El momento por el que atravesamos derivado de las diversas agresiones y manifestaciones despiadadas de Donald Trump hacia nuestro país, ha sido como un golpe que nos ha volcado hacia un lugar donde poco nos gusta ver, buscar, sembrar y mucho menos creer. Sí, así es... hacia nosotros mismos.

Ya lo decía Paz en Máscaras mexicanas, "el mexicano siempre está lejos, lejos del mundo y de los demás. Lejos, también, de sí mismo." Pero ha llegado el tiempo de perder el anonimato y dejar el hermetismo. Las mexicanas y los mexicanos ya no vivimos tras esas máscaras que nos guarecían del desprecio, de esa vergüenza a la derrota, de una conquista. ¡Hemos aprendido!

Simbólicamente nos hemos aferrado a nuestra Bandera, evitamos que unos cuantos la dejaran caer en plena Plaza de la Constitución, asistimos, ayudamos y nos sumamos, así es el mexicano; dijimos adiós a esas máscaras de indiferencia e incógnitos y dimos rostro a nuestras acciones, a lo que somos y de lo que estamos hechos.

Trump se equivoca, México no es solo crimen y migración. Sin embargo, ha influido de sobremanera que sus animadversiones hacia mi país, como el abono, hagan florecer lo mejor de nuestro jardín, de esta generosa tierra que se llama Estados Unidos Mexicanos.

Quiero que esta exaltación hacia lo mexicano, hacia lo #HechoEnMéxico permanezca cada día en todo lo que hagamos, que sea como ese sello de orgullo que nos hincha el corazón, porque no somos un disimulo de la existencia en el mundo.
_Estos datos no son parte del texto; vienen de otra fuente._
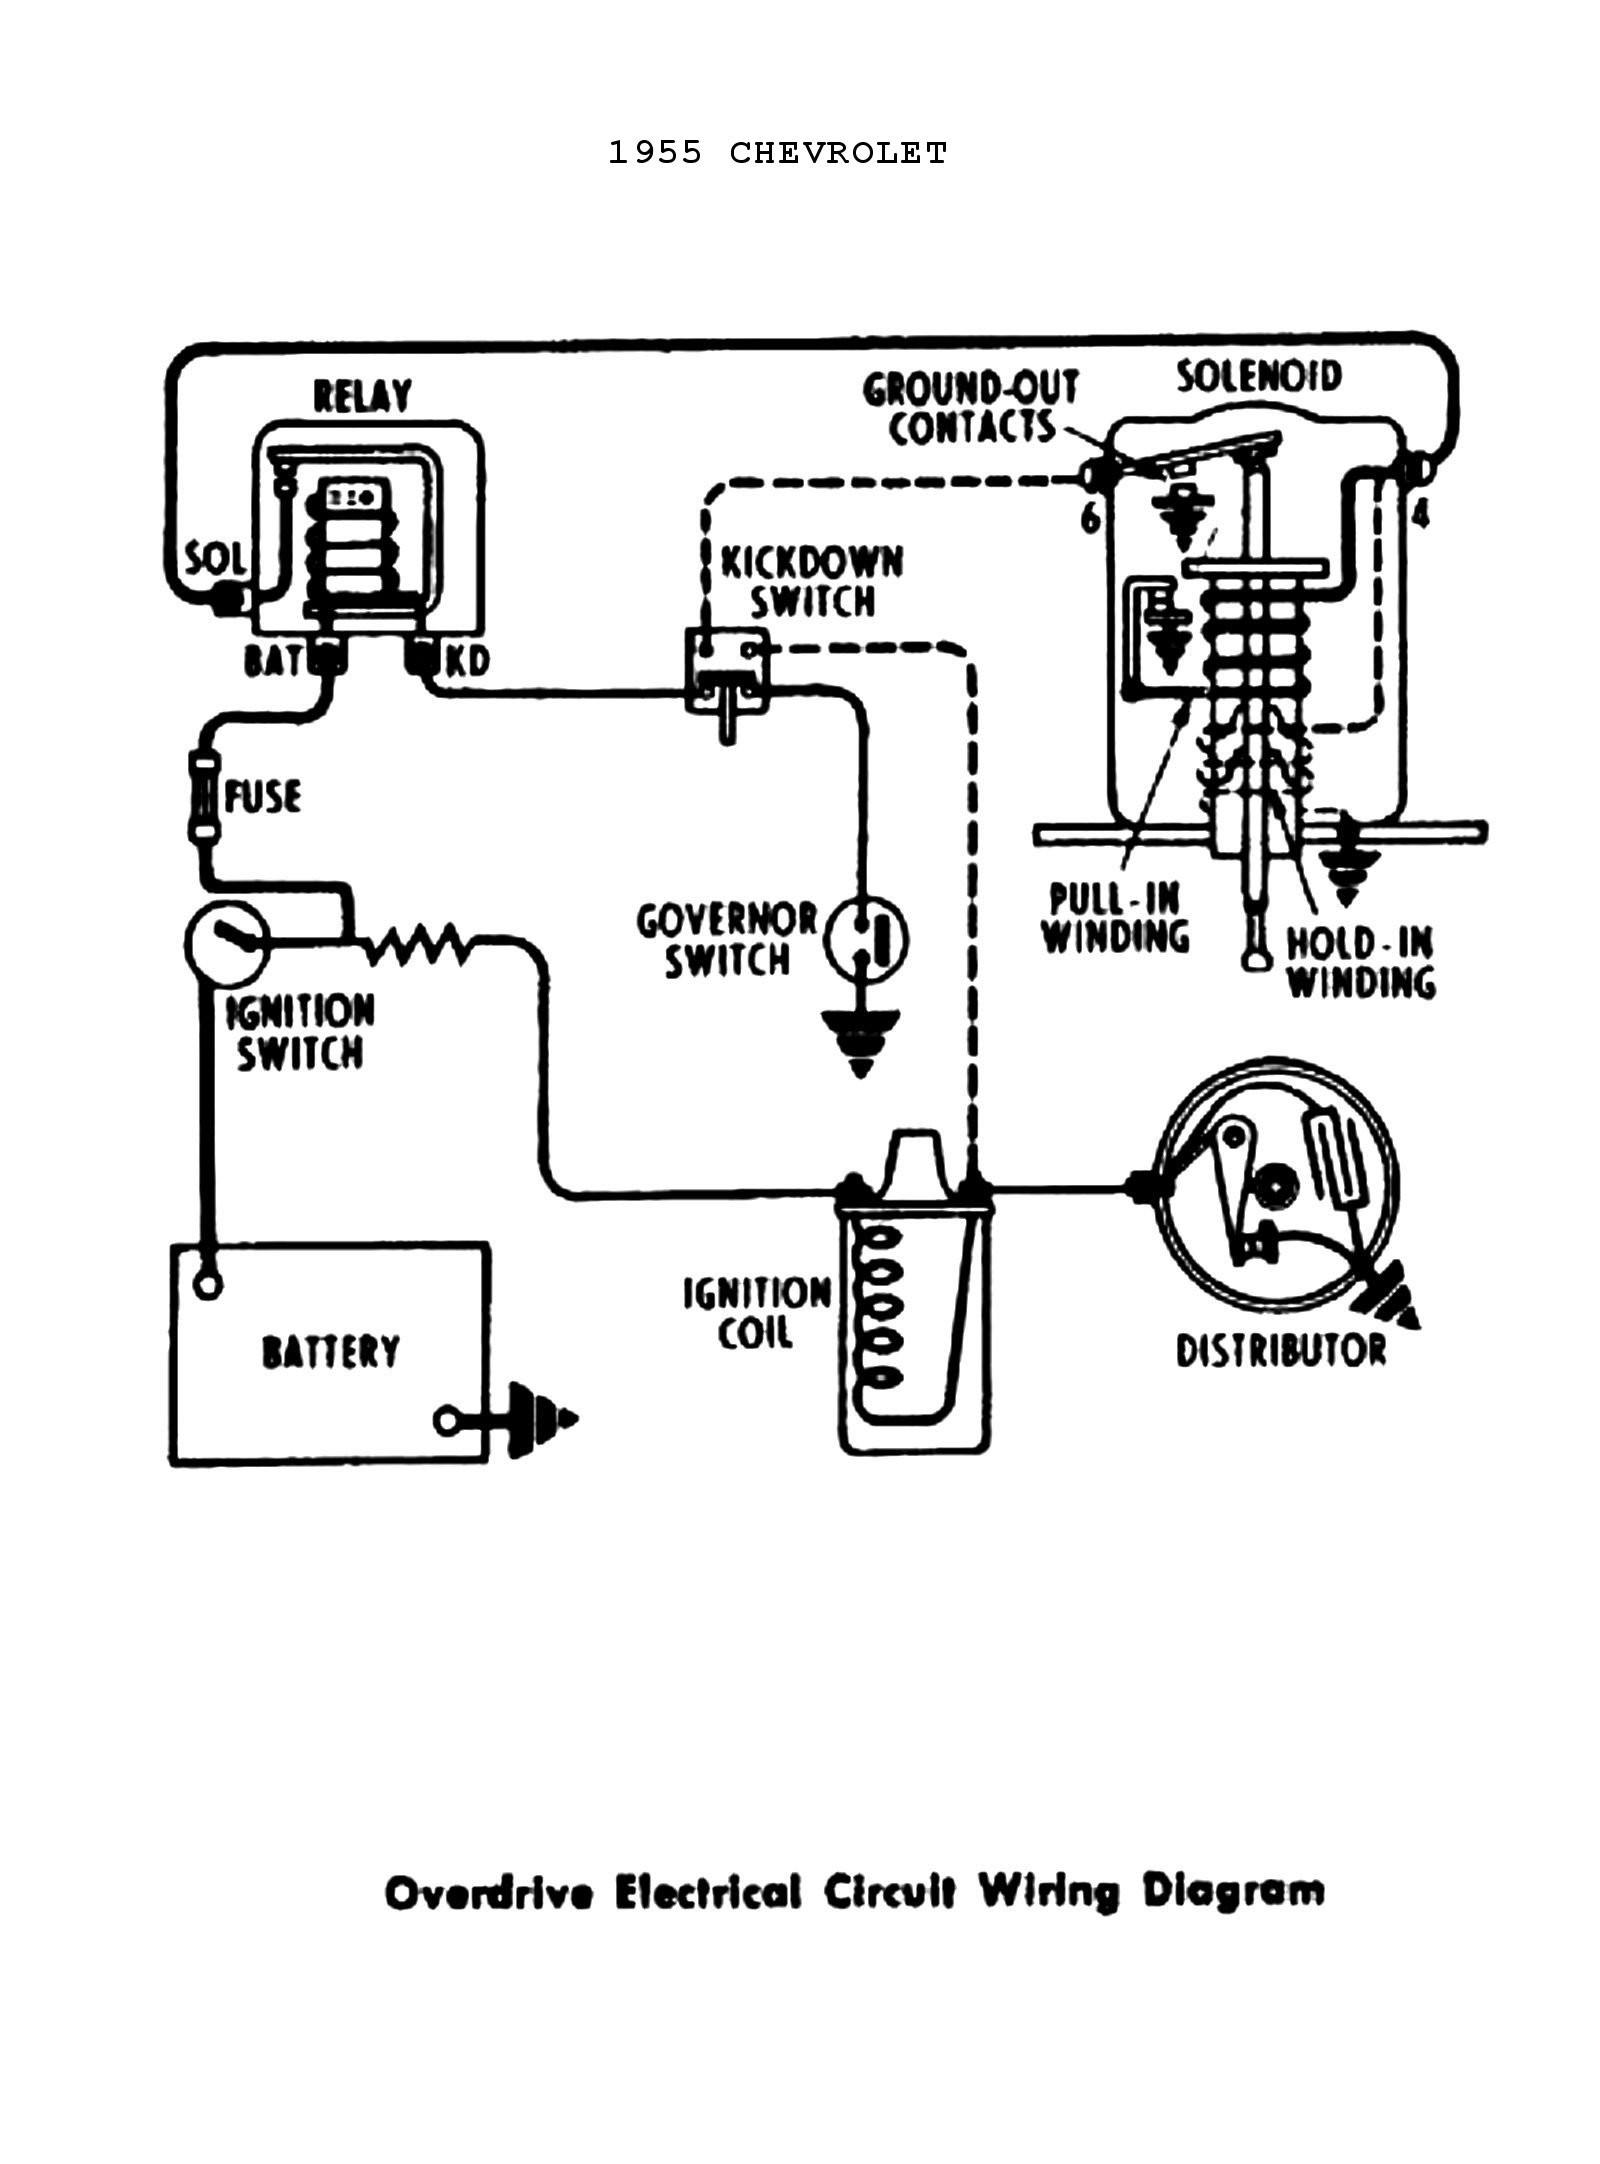 Club car wiring diagram ignition switch wiring diagram wiring rh detoxicrecenze gm wiring harness diagram

Estamos desmitificando la realidad, somos una sociedad más desarrollada y plural, el asunto de los mitos y los héroes son cuestión de un espejo enterrado. Los verdaderos héroes y las heroínas en las que creo, son las y los mexicanos que cada día trabajan y construyen su vida. "Nuestra apuesta debe ser por un mundo de normatividad jurídica y de inteligencia diplomática: la fuerza tiene límites; la razón, no", escribió Fuentes en El espejo enterrado.